Snow Architecture and the ice flow experiment

Two meter pits. Everyone else dreads them I think they are the greatest. You get to dig yourself into this little room. The snow is solid enough that you can carve it like Styrofoam. The pallet it open ended, like clay. If you don't like your design you can cut in something new. It's like being a reverse carpenter, instead of building the house around yourself, you build into the snow, gradually expanding the space as you go. This was my second two meter pit this summer. Ever since I filled the first one back in only July 25 th I have been looking forward to digging the second one. Today's pit, about 1 kilometer from camp, included a beautiful set of stairs, a bench for sitting and a nook to put things.

Of course, the real purpose of the pit was science, but why not let your imagination go wild when you are doing some pretty menial task, like digging a big hole in the snow.

Like the last pit, the purpose of this pit was to sample the snow in a vertical channel. Unlike the last pit, this time I had help. Today Manuel Hutterli of the U of Az joined me. Markus, Manuel and Dee all are with the U of Az. Manuel arrived a few days ago. (Dee was here earlier in the summer)

The work was fun more to share than it had been alone. I did most of the digging so that Manuel wouldn't over exert himself at high altitude, since he has only been here 3 days. Once I had designed and dug the pit, Manuel did the sampling while I handed him bottles and kept track of the data. Manuel sampled about 200 bottles. Each centimeter down the pit he took a sample. Later we will melt these bottles of snow and look for chemical elements. Manuel also measured the temperature of the snow every 5 centimeters for the first meter and then every ten centimeters the rest of the way. The temperature of the pit varies with the depth. I learned that the snow at the bottom of this pit was about -39 C. The air temperature today was about -6C. The snow is a good insulator. In the winter the snow keeps you warm because the air may be -50C and then the snow would be warmer than the air ... This is the principle of the igloo. The snow temperature effects the chemicals in the snow so Manuel and Markus want to know the temperatures at each depth.

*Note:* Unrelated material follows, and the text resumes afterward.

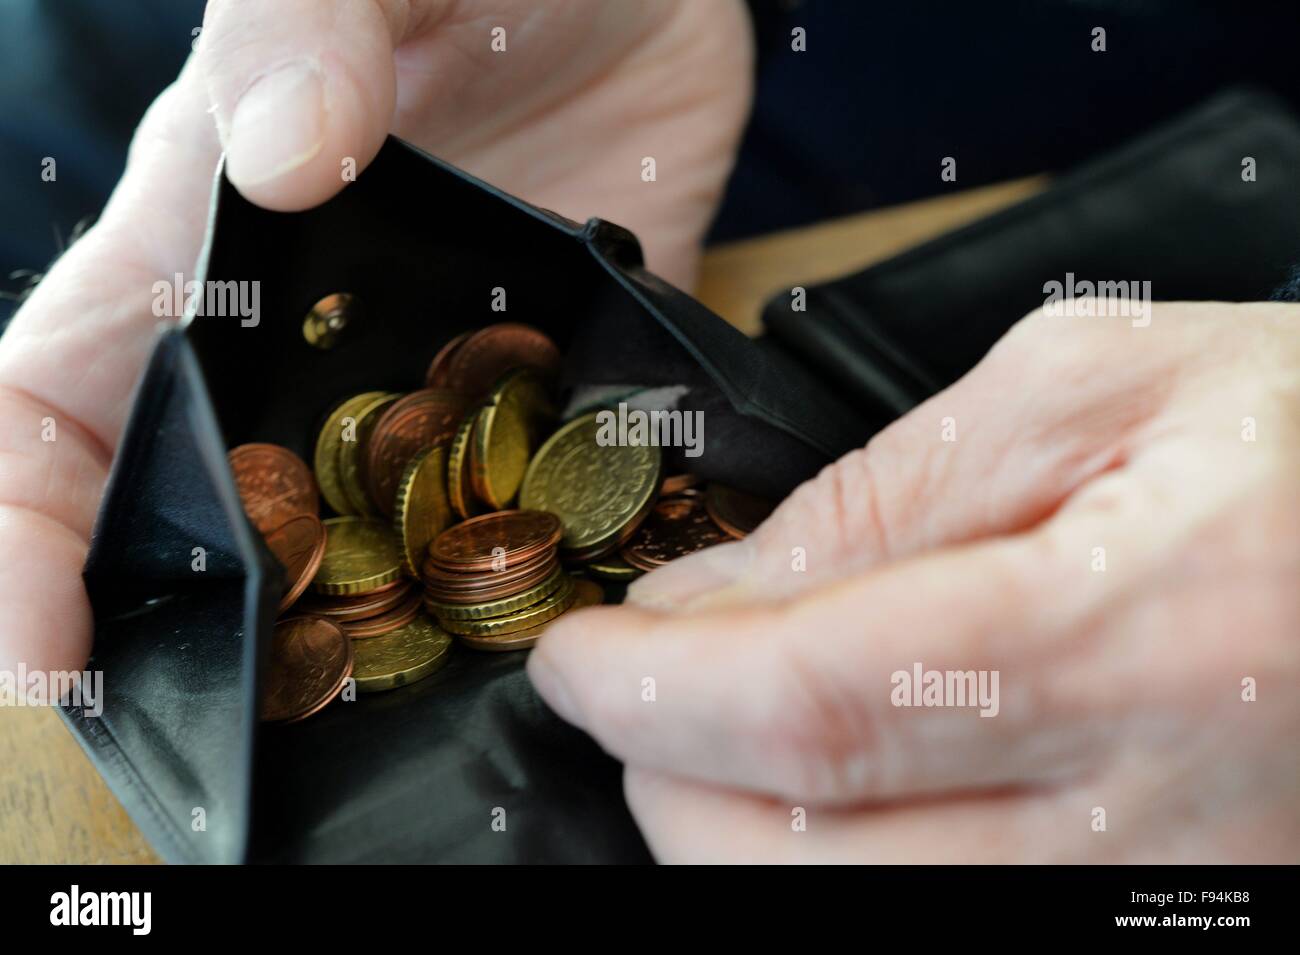 Elderly man counting his money, Germany, city of Osterode, 10. December 2015. Photo: Frank May Stock Photo

After our day of digging and sampling, I decided we needed to leave a marker in the pit in case some other innocent pit digger somehow chooses this spot to dig a pit next year ( see July 25th's entry for details of what happens when you hit an old pit or path) archeology We chose a Schott bottle, put a note in it and signed it with our names and email addresses. We definitely had a good laugh thinking of where and when this bottle might ever be found. Will it drift to the ocean in the ice as all glaciers do?

Will some scientist dig it up ? in five, ten, twenty years? Will someone be out here coring and find it in their ice cores? Will this ice sheet melt and it will be come ocean water? When it is found, what will people be like? What will they think of this ancient idea of email?

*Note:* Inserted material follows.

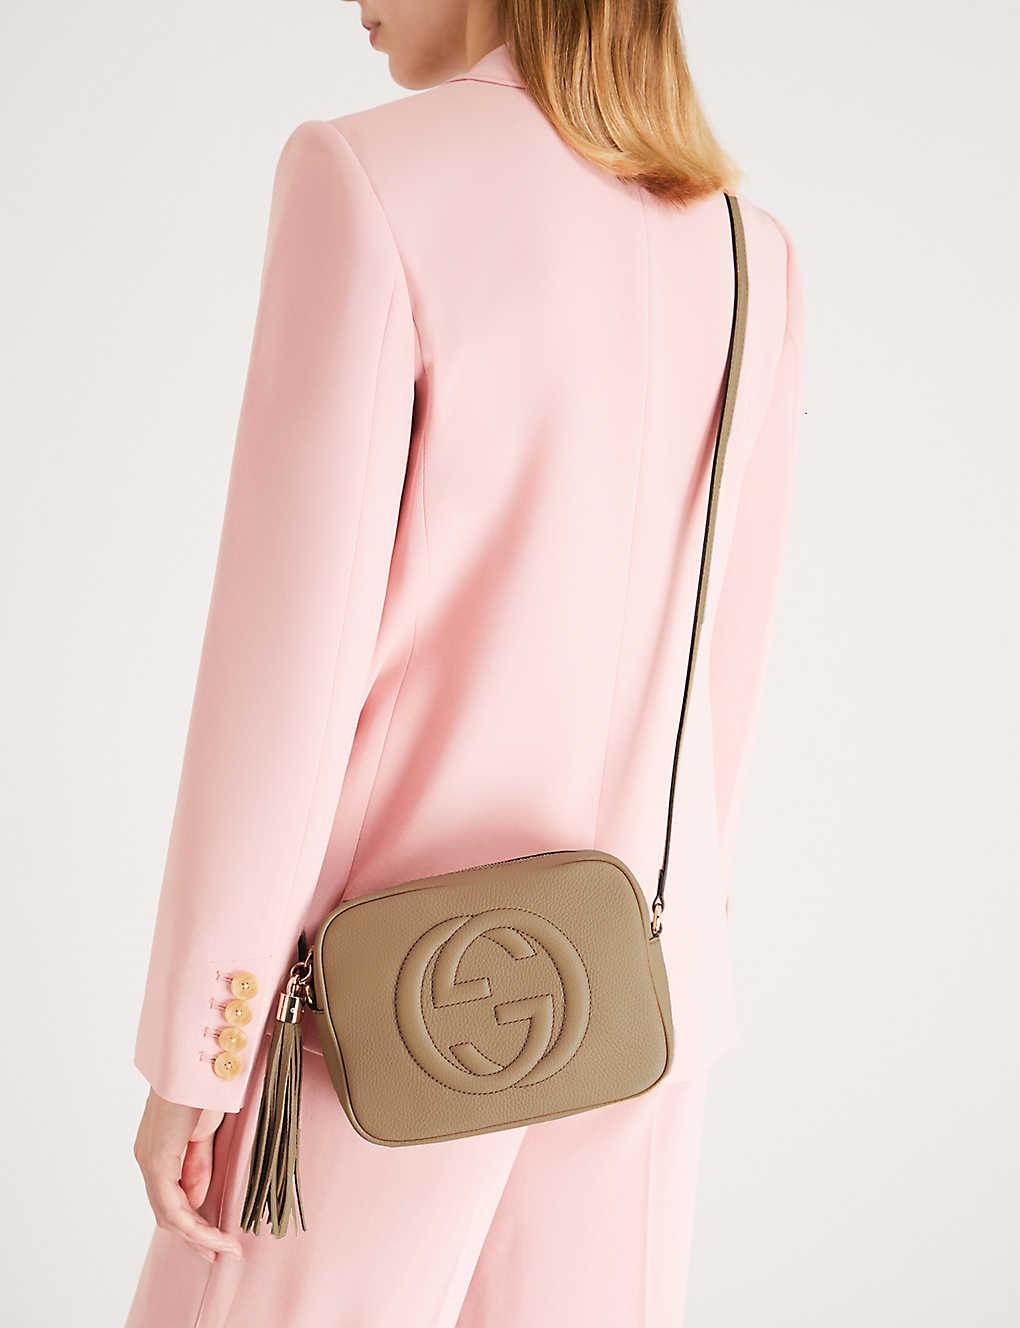 Gucci Soho Leather Disco Cross-body Bag in Natural | Lyst

After a few good laughs we filled the pit back in and packed up to head home to dinner. I towed the sled of bottles and gear.... and for fun, the scientist, Manuel.

Manuel digs the start of the pit.

I am the secretary today. I was quite comfortable in the crazy creek chair. I had to hand Manuel the bottles and record the data. Cactus man was sporting the latest fashion headware, the funnel. Manuel is in the pit sampling.

the snow saw for cutting blocks of snow.

Manuel is taking the snow's temperature.

Here I am adding the note to the bottle.

Manuel digs the bottle back up to add ourr email addresses. Who do you think will find the bottle and when?

We are heading home into the fog. Can you find cactus man in the picture?

Manuel in the chariot. All scientists should have it this good!